5 years ago it might have seemed an outlandish suggestion for Texas, but with the possibility, if not likelihood that you'll be experiencing more extreme climate conditions going forward, in both summer and winter, have you explored the idea of using hydronic/geothermal HVAC for both heating and cooling? This would be extremely efficient, albeit with higher upfront costs, and is not uncommon in extreme climates such as Australia. Since you'll be sinking wells and have a lot of ground area to work with, which is going to be excavated anyway, it could be worth adding, and be most useful when your temperatures hit their extremes, especially in winter during periods of zero energy generation. It would provide an additional margin of safety, and perhaps change the amount of battery storage you'll require from the get-go.

 

[Doggydogworld]

Does your comment re: equivalent ratings mean 112 kWh for 90kWh LiFePO4 usable

Rule of thumb is you only deplete lead acid 50% to preserve battery life, and 80% for LiFePO4. I don't think it hurts to go near zero once in a while with LiFePO4, but opinions vary.

Also, I'm shocked by the "Not unusual to see ~100 kWh a day" but I know it's been brutal in Texas. This is a must to manage the heat. I just looked up Houston's record this summer with 45 days over 100F and 23 consecutive days. I can see getting a generator for a week or two of days, but 45 days or more days is going to burn a lot of fossil fuel in any given summer in Texas.

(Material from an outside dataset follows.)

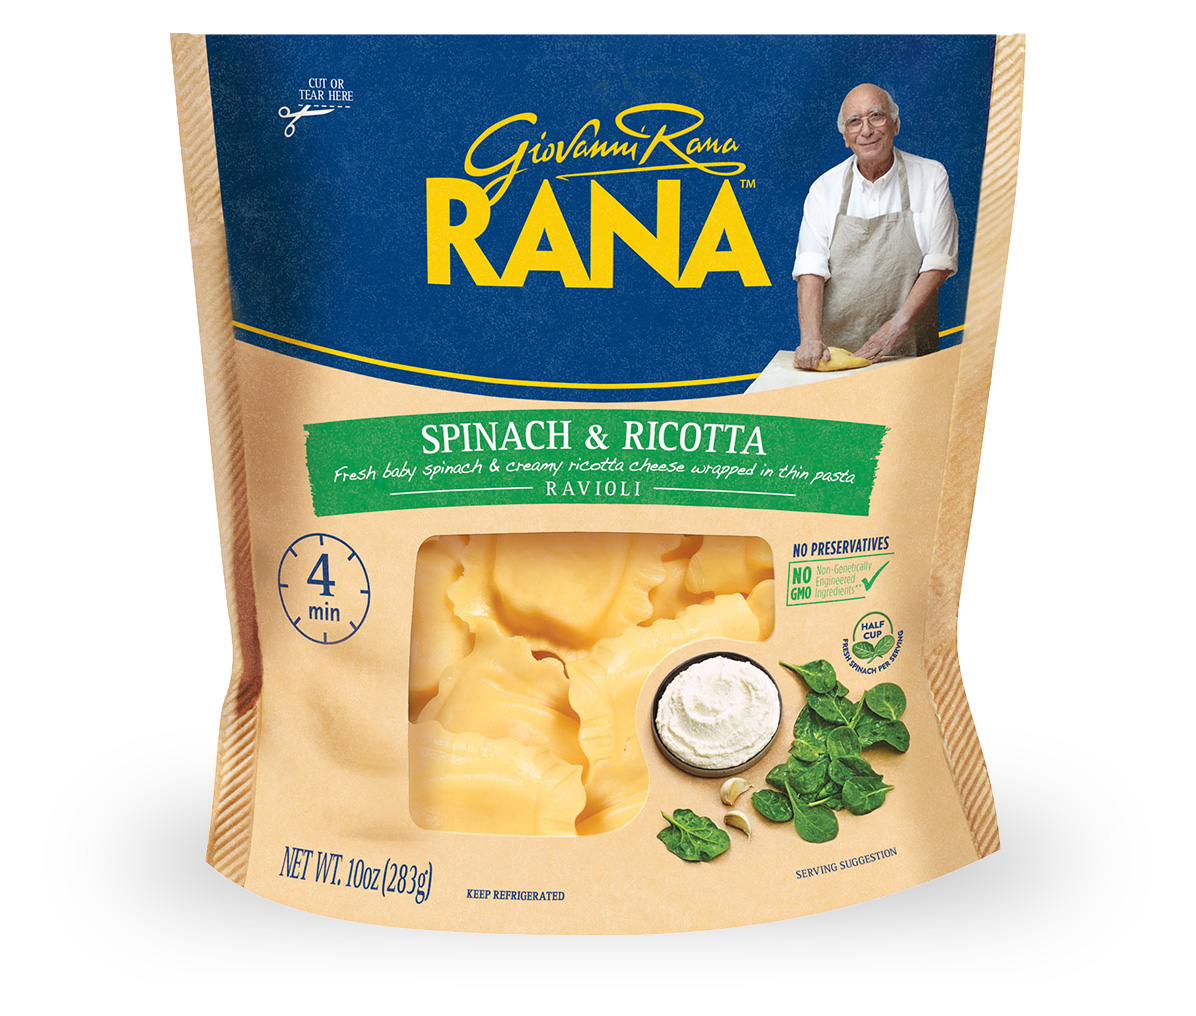 Spinach & Ricotta Ravioli - Giovanni Rana

Yeah, I'm near San Antonio which had 74 days of 100+ this year (so far). Last year was 57 days. All time record was 59 and only a few years in history were above 30 or so. There's been a definite change.

Solar gain is often a bigger problem than temperature. Insulation doesn't really help with solar gain. My A/C units don't run nearly as often on the rare overcast 100 degree day as on a sunny one. And that's I have radiant barriers in the attic plus white shutters that reflect sunlight plus brick walls. I'd heavily investigate solar rejection techniques if building off-grid. A partial list:

Build in the shade - problem solved!
Avoid unshaded east-facing and especially west-facing windows
Use overhangs to shade south facing windows in summer only (not hard, summer sun is almost directly overhead at these latitudes)
Buy windows with low-E coatings
Install shutters or seasonal solar screens
Radiant barrier in roof
LIght colored roof (or maybe metal, quite popular in TX)
Reflective exterior walls on east, west and maybe south side

Some of these things hurt wintertime solar gain, when you want it, but things like removable solar screens don't.

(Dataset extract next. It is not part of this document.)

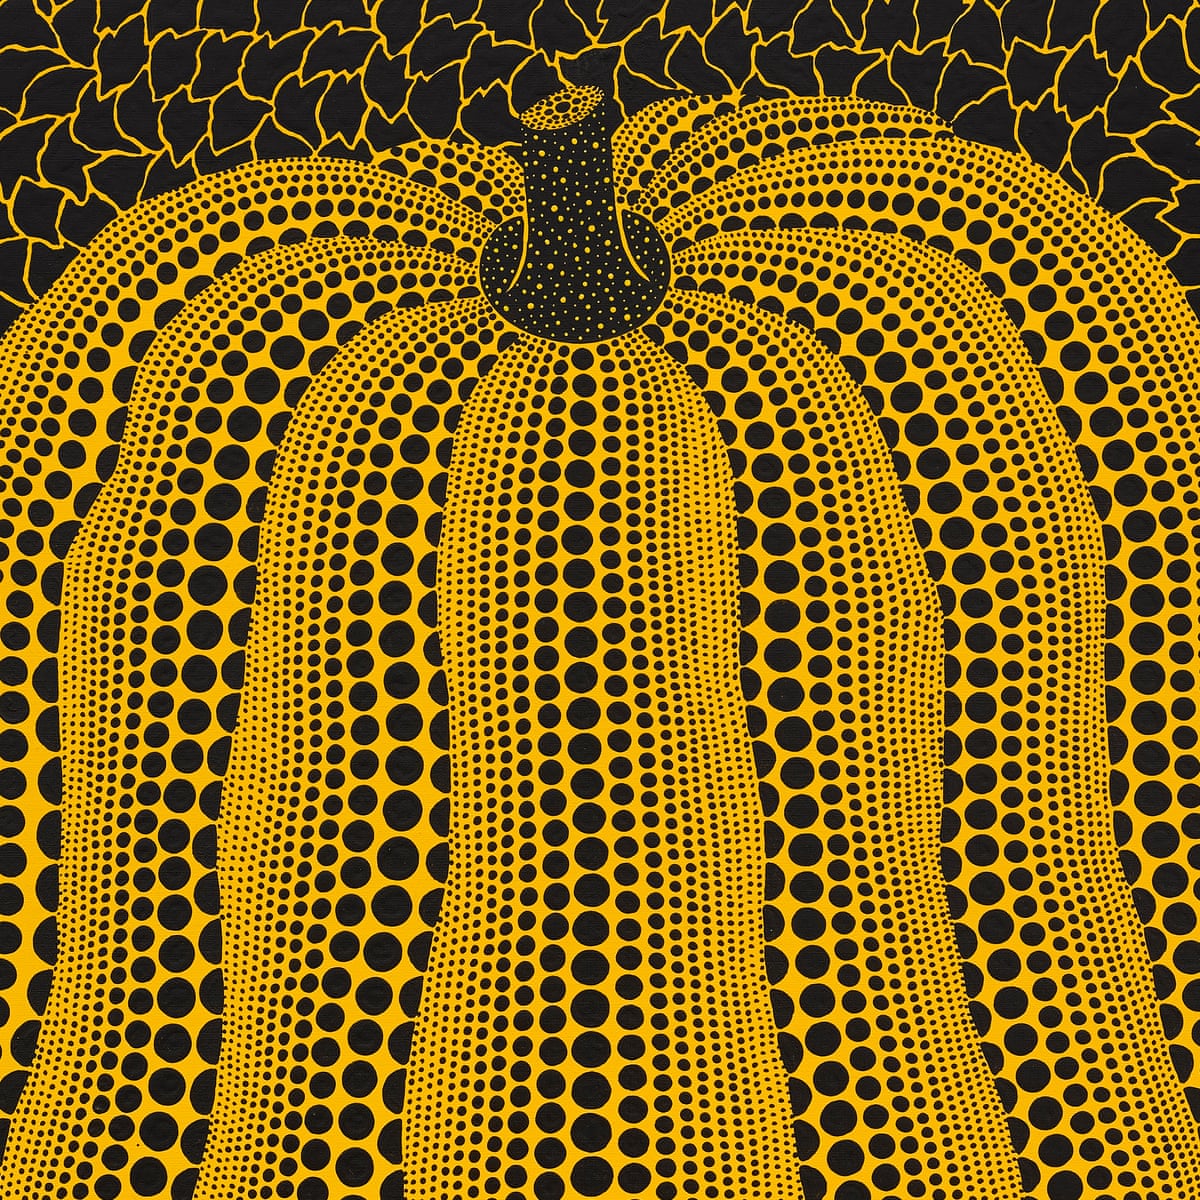 Yayoi Kusama's Pumpkin: dot to dot veggie or metaphor for

The good news is solar production correlates terrifically with solar gain. A stretch of cloudy days means low production but also lower A/C demand. Use a calculator like PVWatts to estimate seasonal output variation. For Brenham it shows ~5 hourJuly average daily net production at 20 degree tilt vs. ~3.3 hours in December at 40 degree tilt.

If you start smaller but design for expansion you can just run the generator extra hours the first year while collecting data on daily variation. Then use that data to decide what makes sense in terms of more panels, more battery, etc.

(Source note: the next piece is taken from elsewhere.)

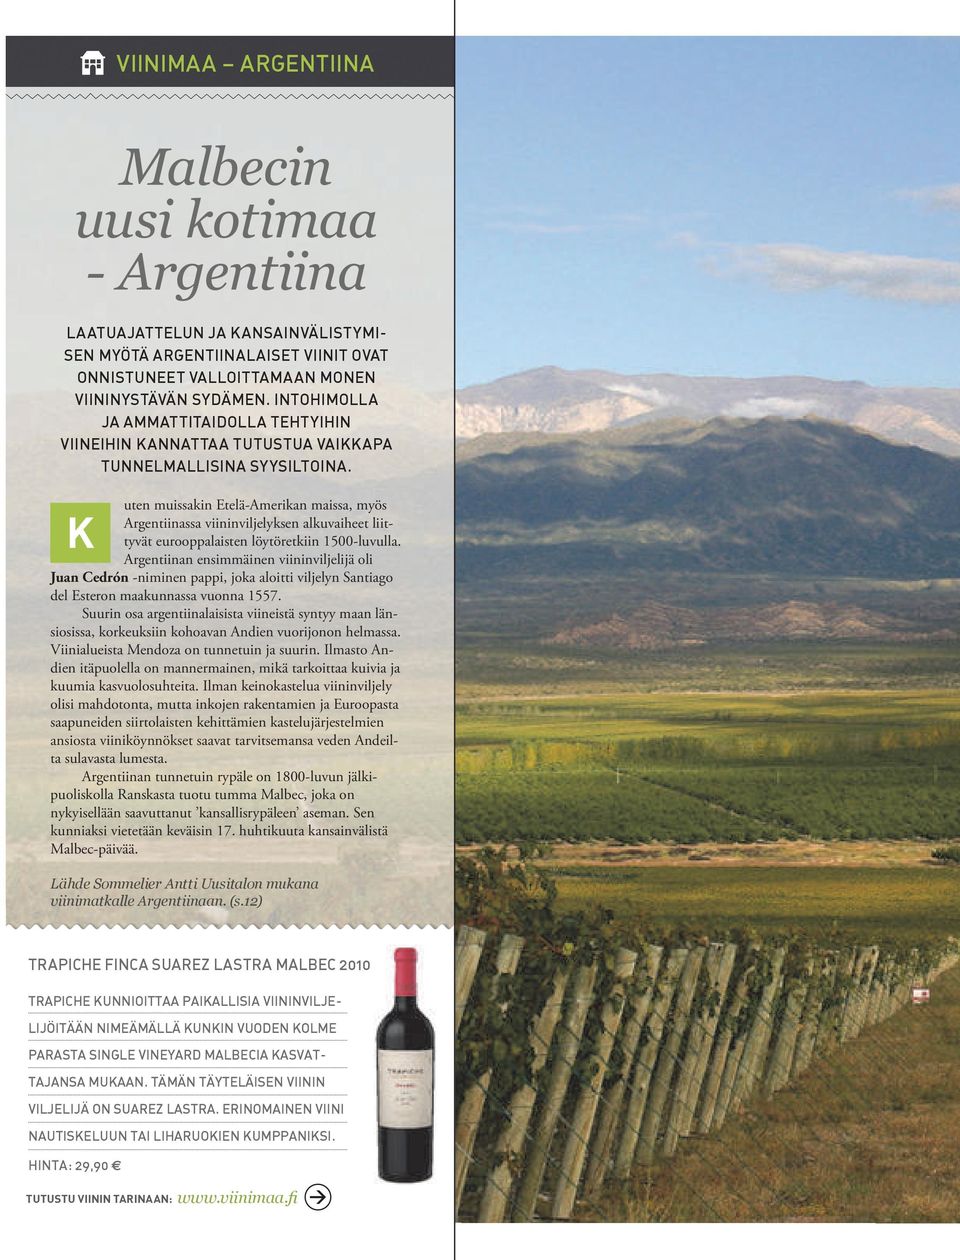 uten muissakin Etelä-Amerikan maissa, myös Argentiinassa viininviljelyksen alkuvaiheet liittyvät eurooppalaisten löytöretkiin 1500-luvulla.

Ceiling fans are pretty standard in TX. Highly recommended.

We do plan to use 5 or 6 mini-splits with heat pumps throughout the structure and to build the house using SIPs. We hope that helps with the cooling/heating.

The big win with mini splits is you can dial them way back in rooms you don't use. Works even better if you insulate interior walls.

Also look into geothermal heat pumps. They aren't cheap, but can slash HVAC energy usage. It was too expensive for me due rocky soil, but Brenham's geology should be more favorable.

Do you have a backup heat source? Really cold, cloudy snaps are rare, but cause heat pumps to suck power.